I'm sorry if I was so sarcastic that that was implied, that doxxing is really cool. I think that if we could understand how it happens and explore the technology a lot more and, yes, indeed explore how we ‑‑ what information about ourselves is out there and also explore more about who is doing this to us, we would ‑‑ if we could do that process of documentation, which will not be fun. It would be more laborious, that's all. I just want to address that misconception. Sorry.
>> MODERATOR: We have four minutes, and I have two more comments. So one minute each.
>> AUDIENCE: I just have one minute to say a few years ago, five years ago I took technology as neutral and depending on how you use the technology. It depends on that. More and more as a teacher in computer careers and as a computer engineer, and I am a computer engineer, and I believe technology is not neutral at all. I think we can learn a lot from medical technology, for instance, and how that changed when we integrate women's vision in the development of the medical technology and how these technologies changed completely. I just wanted to say, and it's a long discussion and a very interesting one, and yes, very ‑‑ a lot of things to do on that.

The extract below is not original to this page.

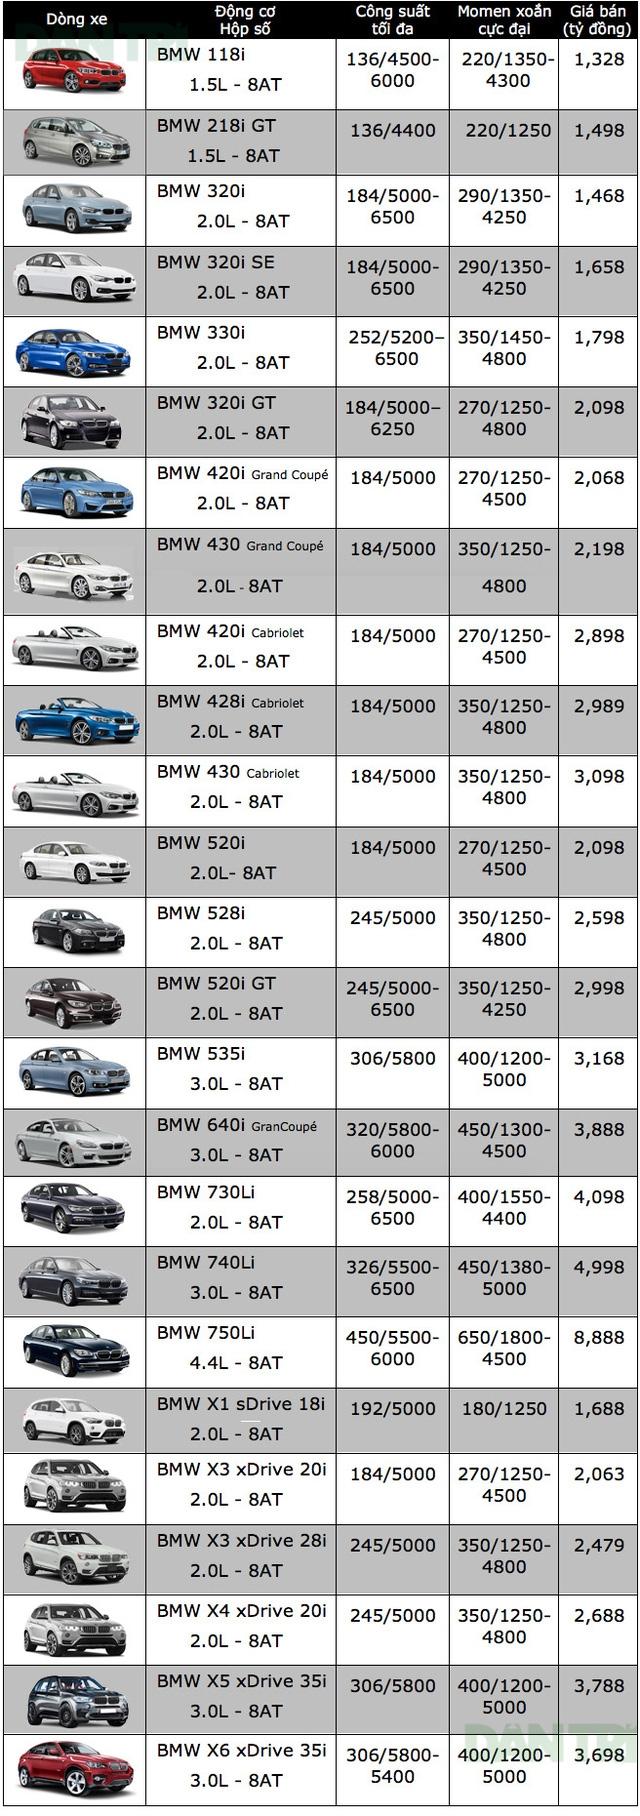 Bảng giá xe ôtô tại Việt Nam cập nhật tháng 10/2017 - 1
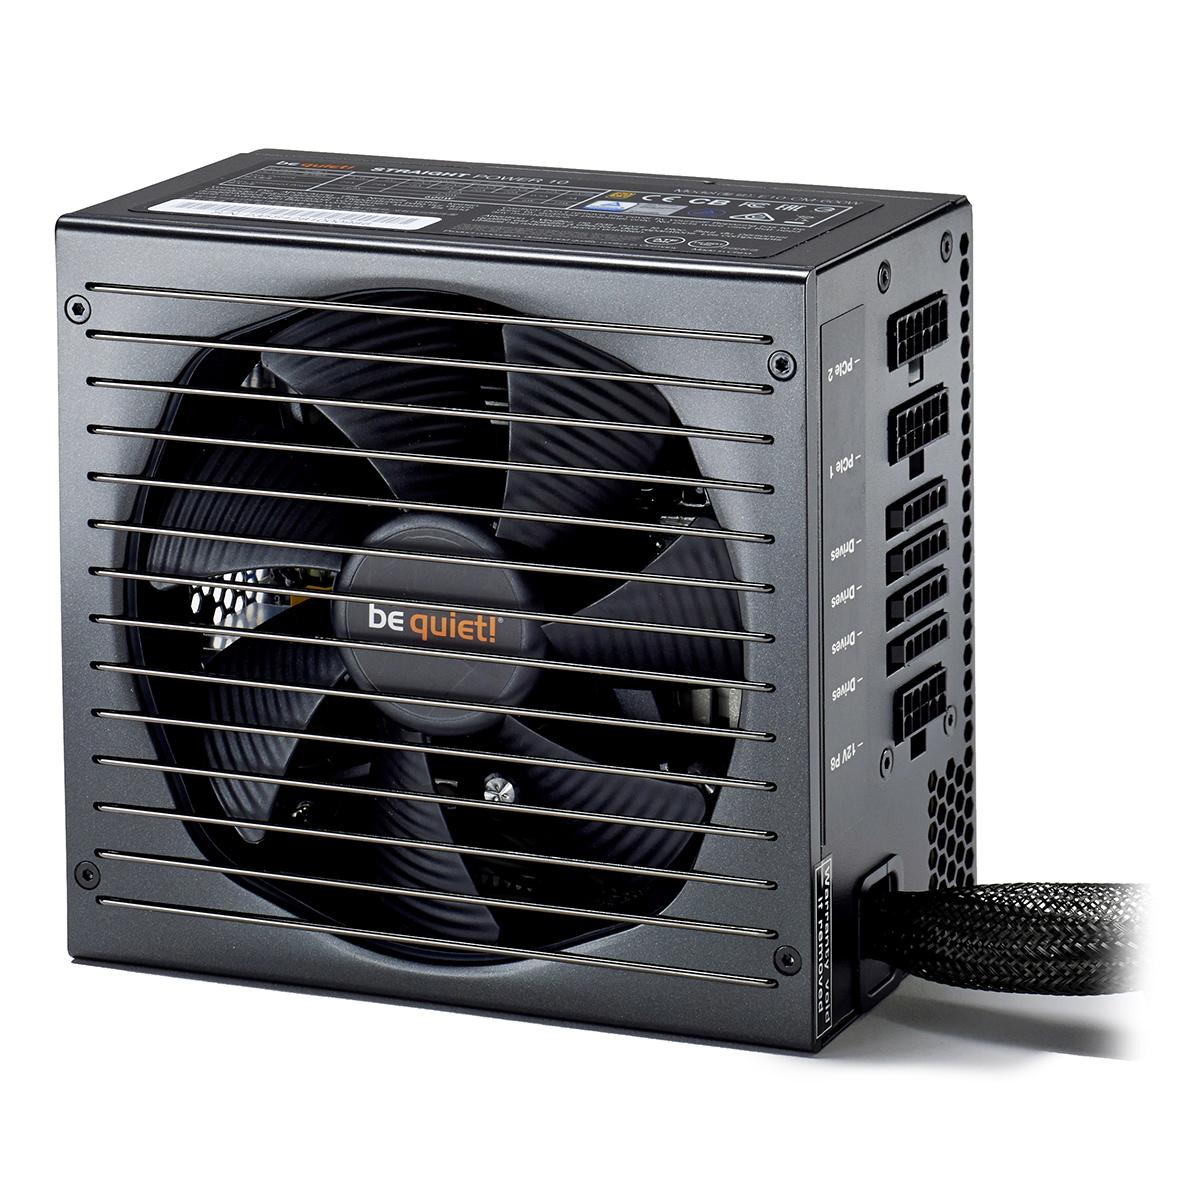 Alimentation PC be quiet! Straight Power 10 700W CM 80PLUS Gold Alimentation modulaire 700W ATX 12V 2.4/ EPS 12V 2.92 (Garantie 5 ans par Be Quiet !)

>> AUDIENCE: So just one quick comment on what you said, I couldn't agree we're more we're all bits of pieces in different categories, I think. We mobilize them to try and tackle something specific, but the problem is that the dissociation of these different components of our identities, and especially Flavia and I remember talking about over, you make public policies, how do you mobilize the categories? How do you understand gender when you're, you know, policy‑making processes?
And that's ‑‑ I think that's the real question, because we're all part of many things. I'm a student. I am white. I am from Brazil. I am 23 years old. So there's so many things makes me, but at the same time when I'm under this institutional thing, I am tackled through these categories. So I think not only in policy‑making but also in making code and making technologies, how are we articulating these different things? Okay. So time's up. Thank you.
>> MODERATOR: So the time I have left is to say thank you all for coming, and this was very exciting. This is a very exciting discussion. If we can, you know, meet outside and keep debating and stuff, so thank you.